With a defined-benefit or final-salary scheme, you receive a pension based on your earnings at retirement, but with a defined-contribution pension, your retirement income is based on stock-market performance. You therefore run the risk that your fund will not meet your expectations, whereas with a final-salary plan the employer carries all that risk.
Someone earning the UK’s average wage of £23,244, would get a retirement income of £11,596 – just over £223 per week pretax. That’s little more than the current national minimum of £214 for workers aged 22 or over on a 40-hour week.
Fidelity estimates that 5m UK households face a 58% drop in income at retirement.
Simon Fraser of Fidelity International said: “The pension savings and state benefits of the average family still fall well short of the recommended income-replacement rate of 66%.
“It seems the working population also has unrealistic expectations of when they want to retire – the desired age currently stands at 62.”
But workers with final-salary schemes should not be complacent because many employers are increasingly trying to shift the cost over to employees by closing the plans Research from Watson Wyatt, a consultancy, shows 75% of companies are considering containing pension deficits by such measures as breaking the link between members’ benefits and salaries, or offering inducements to people who transfer out.
Aon Consulting has concluded that half of employers with defined-benefit schemes could be closed to future accruals by 2011, trebling the number of sponsors that have already done so.

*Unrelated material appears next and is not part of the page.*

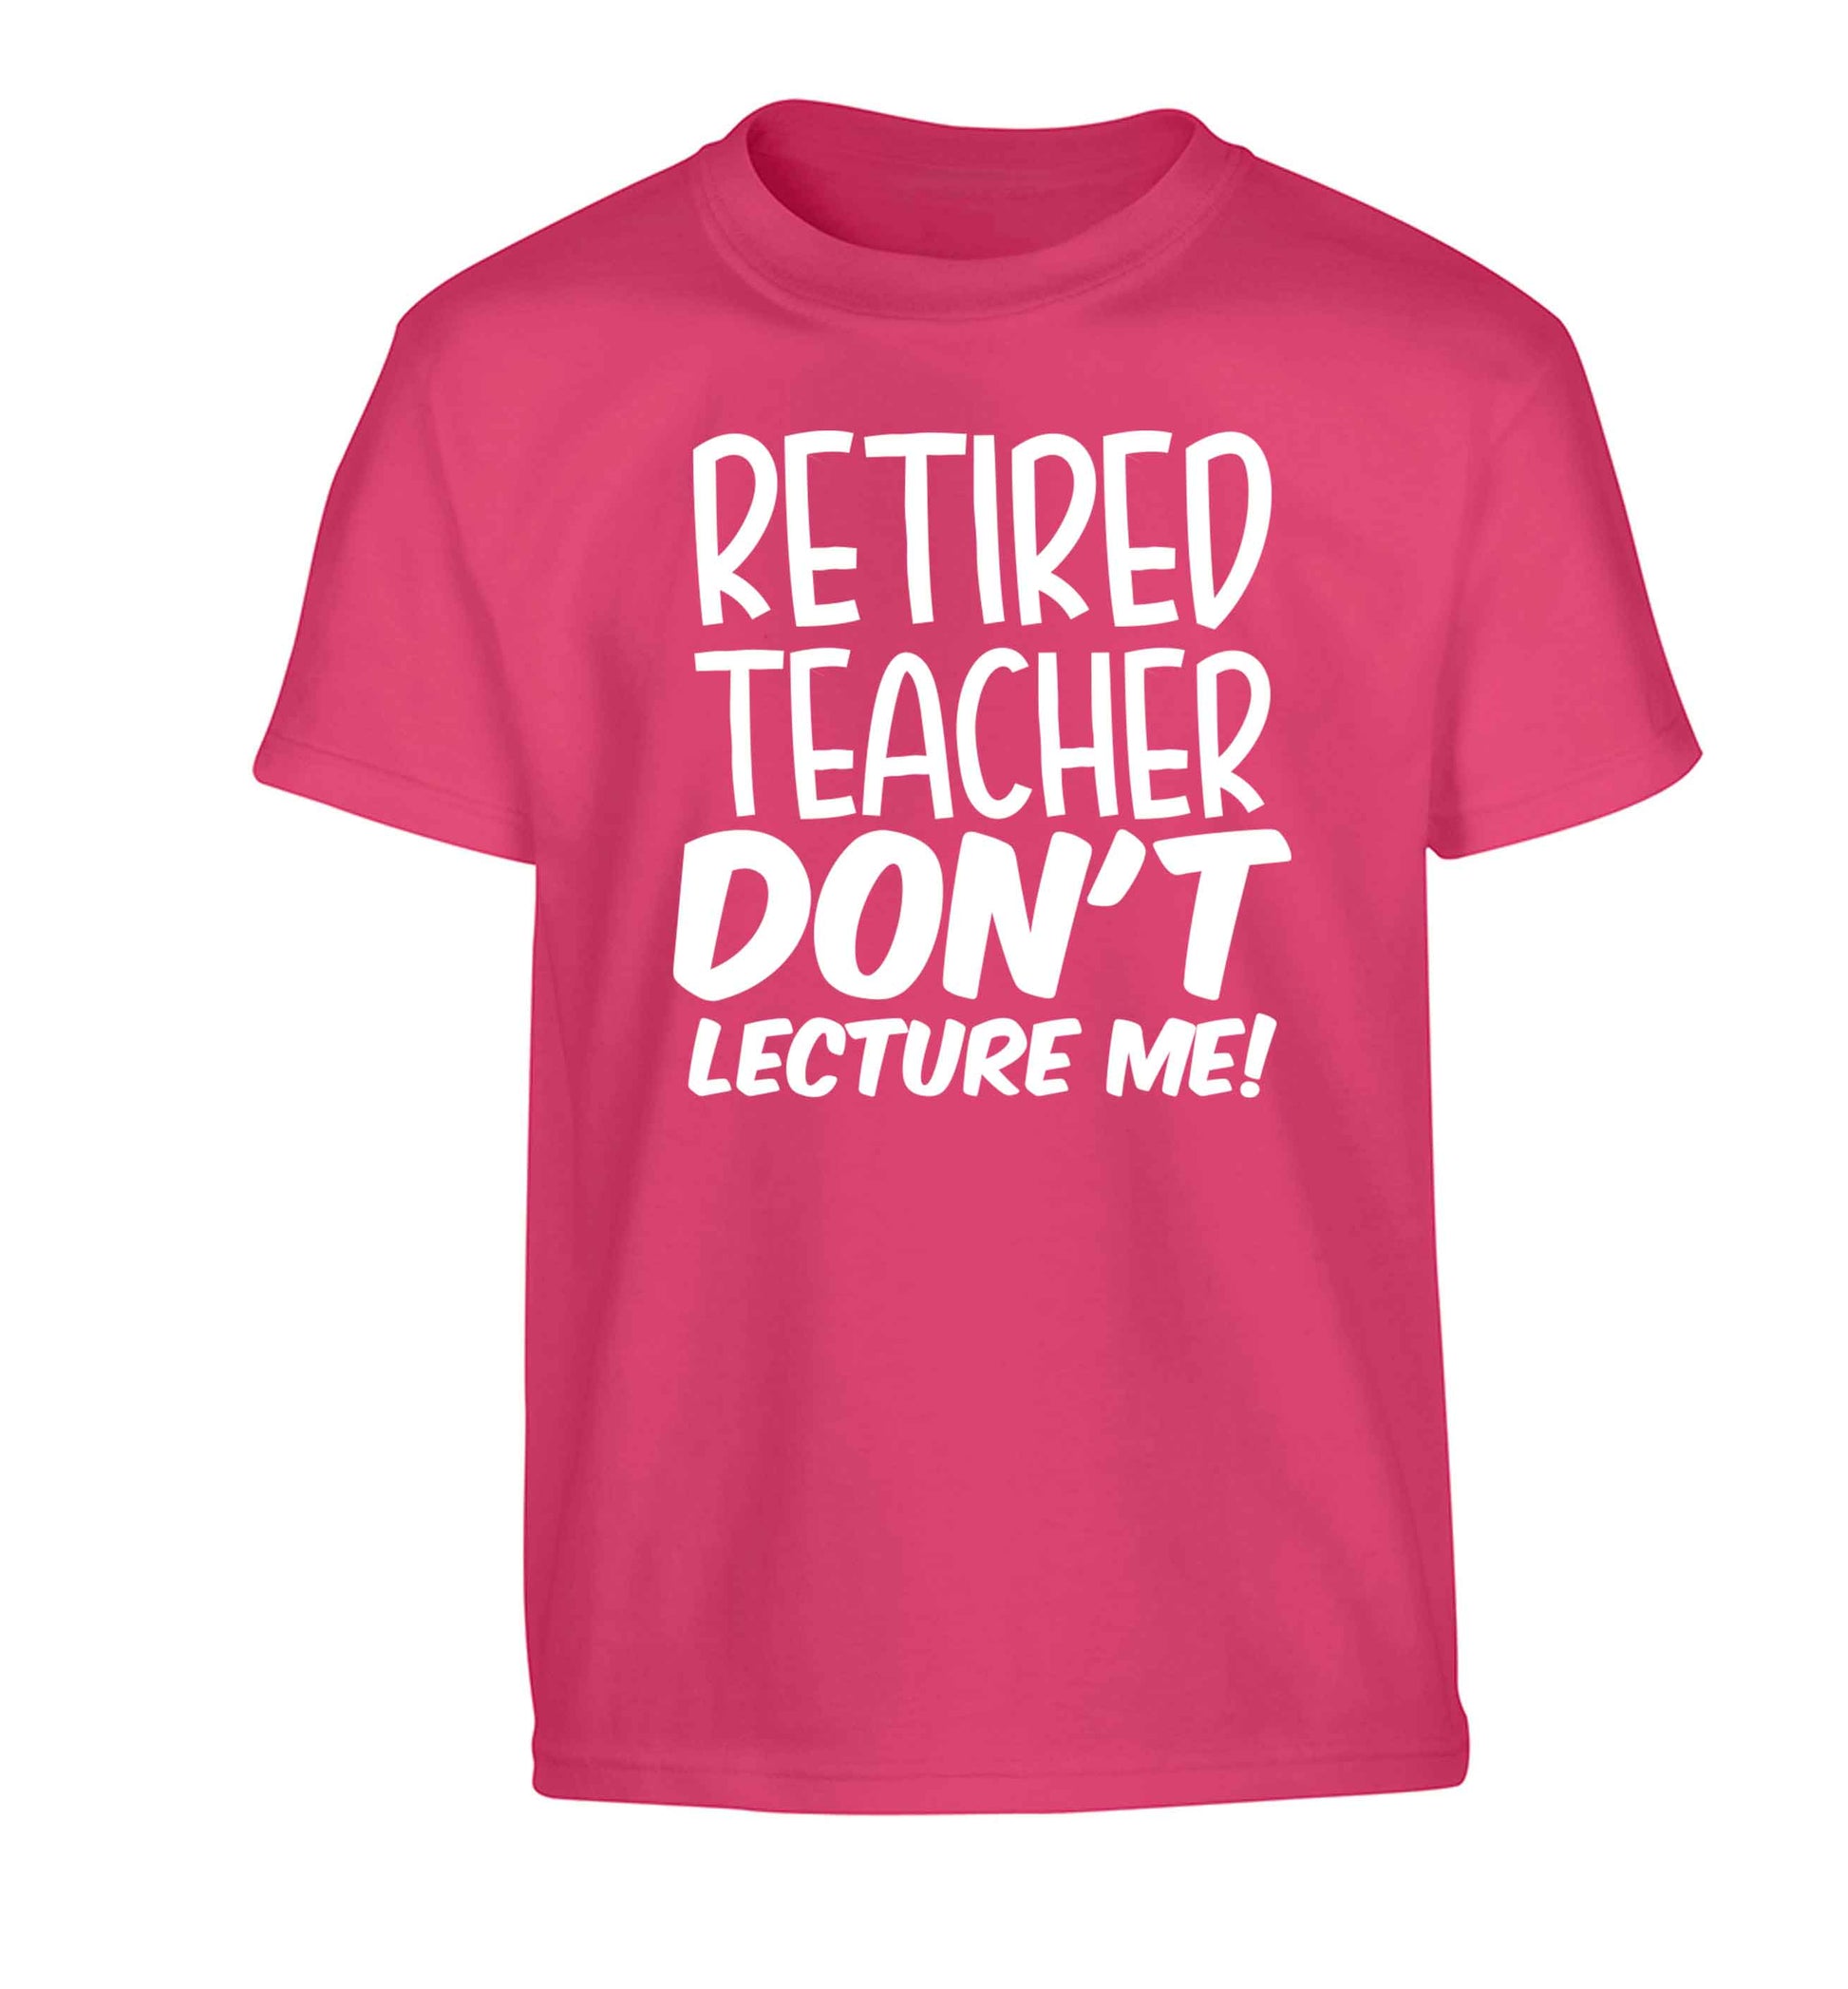 Retired teacher don't lecture me! Children's pink Tshirt 12-13 Years

Assuming stock-market growth of 7% a year, if you are saving in a money-purchase or defined-contribution scheme, you need to save 15% of your earnings every year for 40 years to be able to retire with just 50% of your salary. If you want to retire on two-thirds of your salary, you need to put away 20% every year for 40 years. And make sure you make the most of your pension when you retire. Before April 2006, you could take a maximum of only 1.5 times final salary as tax-free cash. Now, you can take 25% of the value of your whole fund, including additional voluntary contributions (AVCs) and opted-out benefits from the state second pension.
To calculate how much you are entitled to if you are in a money-purchase scheme, simply divide your fund value by four.
With final-salary plans you will be deemed to have a fund worth 20 times your income in retirement.
If you retired on a salary of £100,000, the maximum retirement income would be £66,667 a year – two-thirds of final salary. If you qualify, your notional fund would therefore be deemed to be worth just over £1.3m – £66,667 times 20. Divide that sum by four to give a tax-free lump sum of £333,333.
To find out how much you are entitled to before retirement ask your pension administrator.
Booming house prices over the past decade have been a redeeming factor for many as releasing equity or downsizing have plugged the gap in their pensions.
Those getting on the housing ladder today, however, will almost certainly have to resign themselves to retiring later in life than their parents.
ARE YOU HEADING FOR A COMFORTABLE RETIREMENT?
MICHAEL SLATOR, 24, a pharmacist from West Sussex, is one of millions of people whose employers do not offer a pension, so he will have to make his own arrangements.
Slator, pictured with girlfriend Sarah Wingate, lives with his parents and is saving for a deposit to get onto the property ladder. He would like to be able to retire on two-thirds of his salary but realises this will be a challenge.
He said: ‘After paying a mortgage and bills every month I have to admit that putting away about 15% of my salary every month would be a tight squeeze.’ PAUL DENNIS, 42, an operations director from Berkshire, is saving 10% of his pay every month into the defined-contribution scheme of his employer, but is planning to raise his contributions because he is worried he is not on track for a comfortable old age.
Dennis, who has been saving into a pension since he was 25, would like to be able to retire on two-thirds of his salary but saving 10% will not achieve that goal.
He said: ‘My attitude is to put as much away as I can afford, and I want to increase my monthly contributions to 15% of my salary.’